- **DATA PROVIDED**

━━━

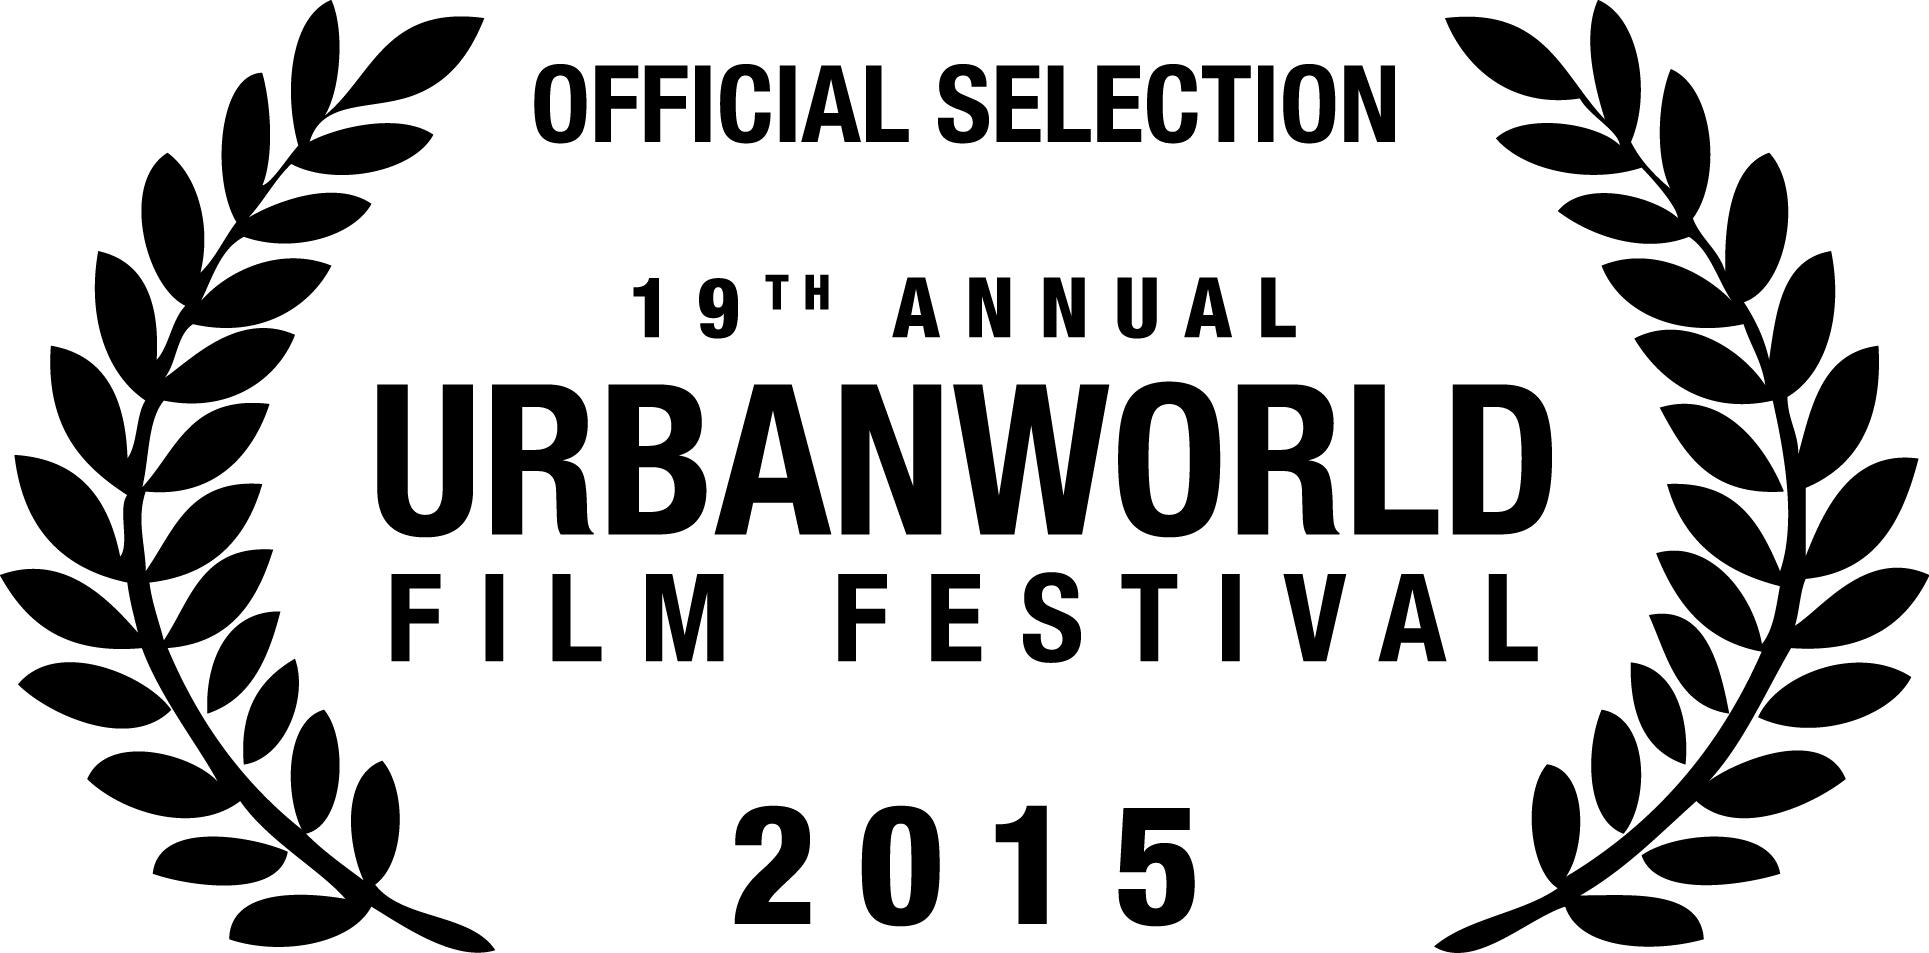 UW15 FestivalLaurels_Selection_OnWhite.jpg
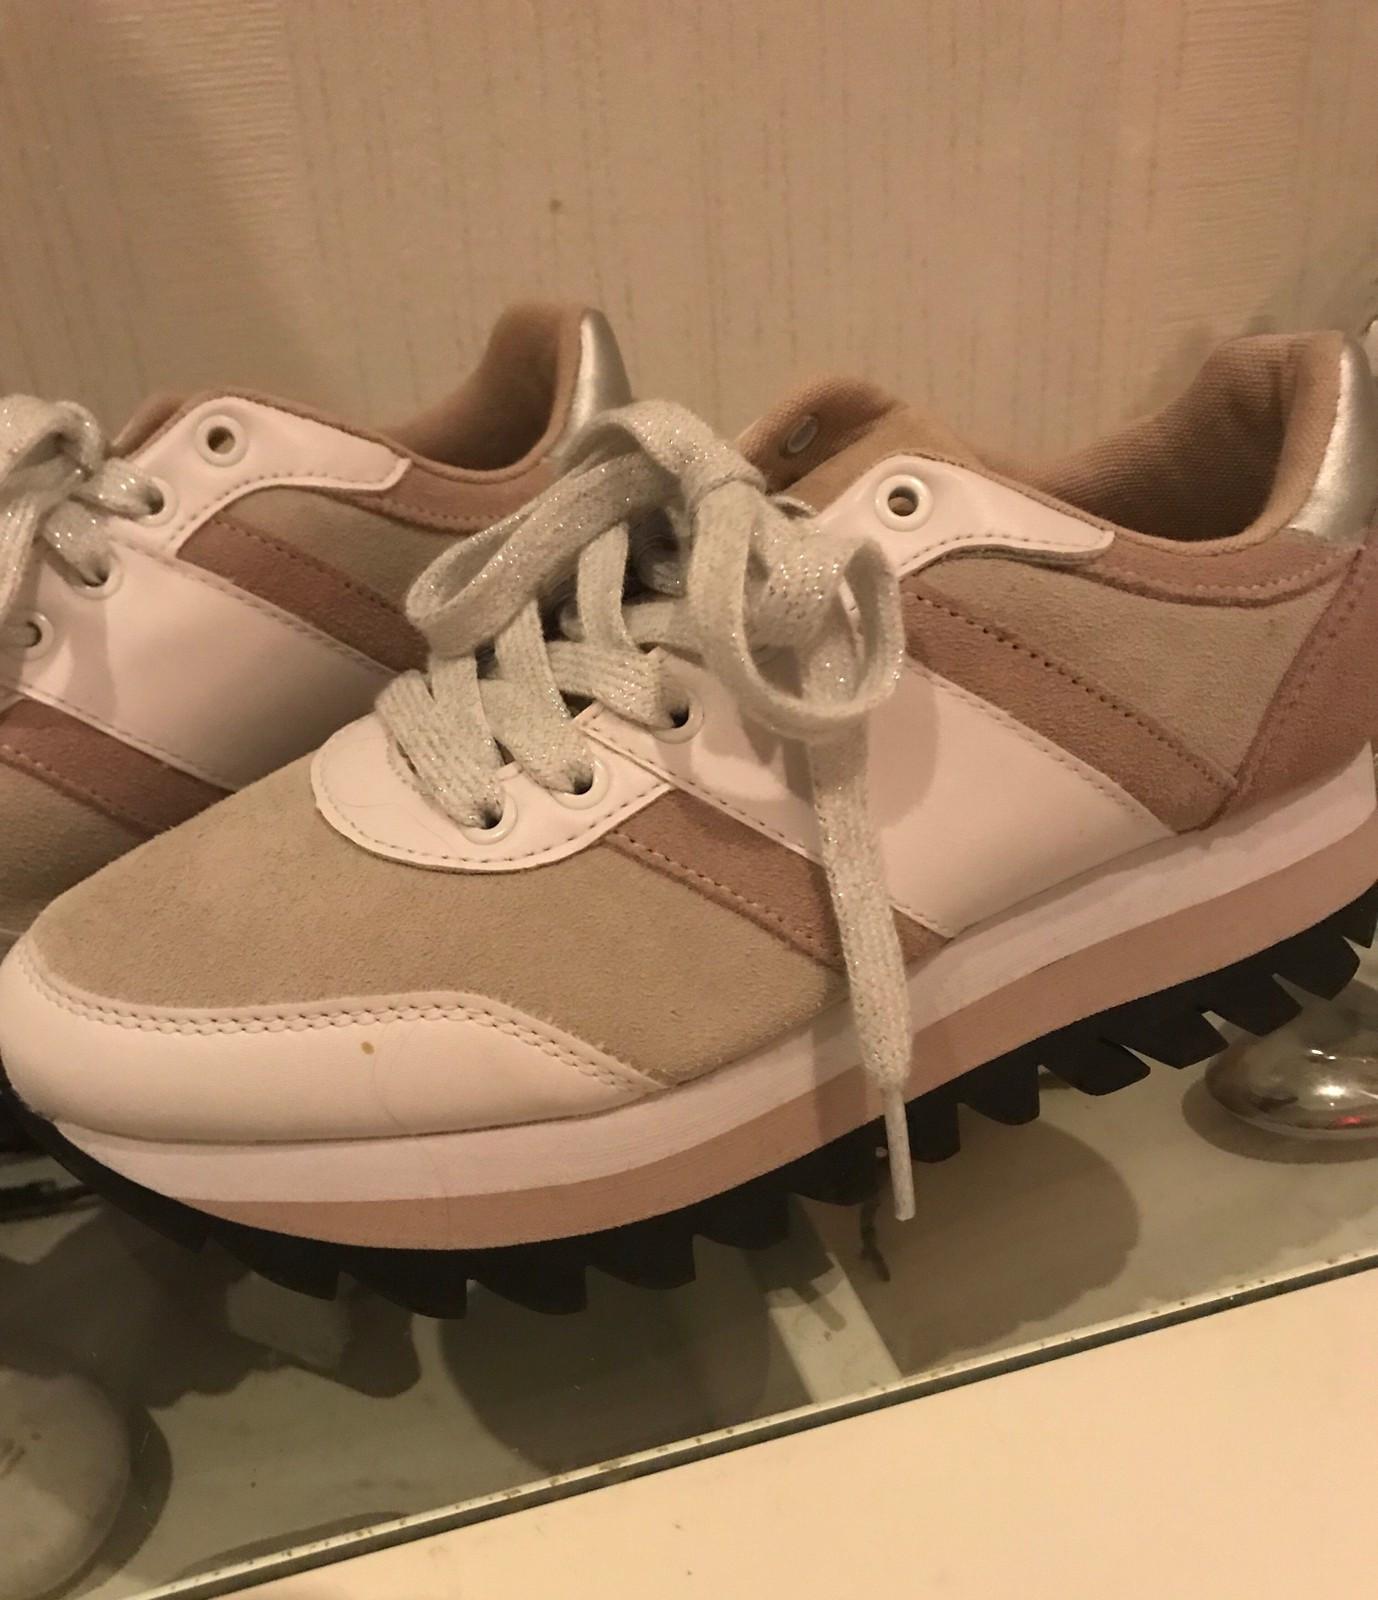 Nye sko fra Zara | FINN.no
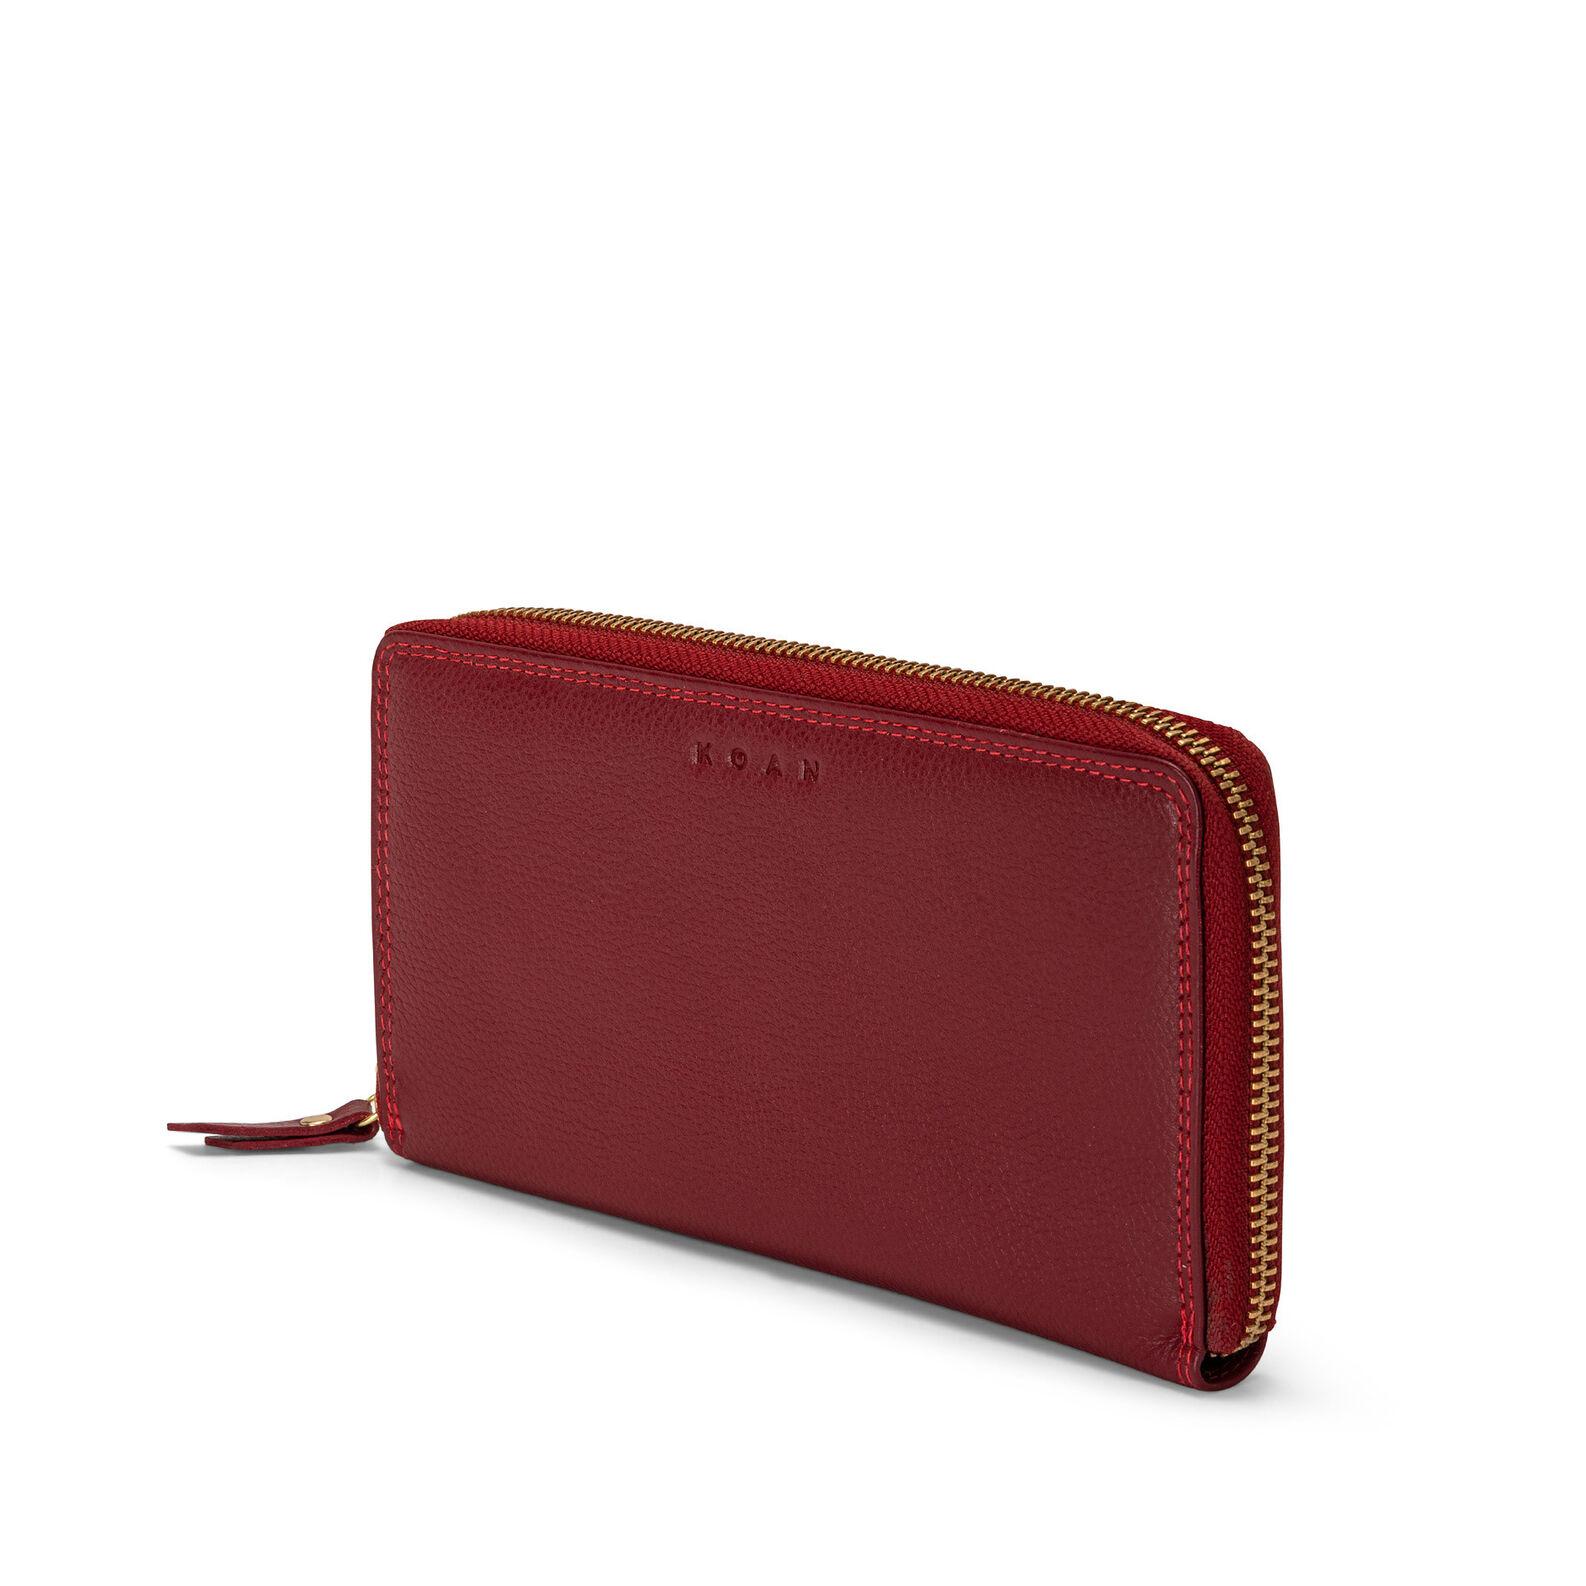 Koan wallet with zip in genuine leather

━━━

- **ACTIVITY**
Please copy the data above character for character, skipping any pictures.

- **TASK RESULT**
 UW15 FestivalLaurels_Selection_OnWhite.jpg
 Nye sko fra Zara | FINN.no
 Koan wallet with zip in genuine leather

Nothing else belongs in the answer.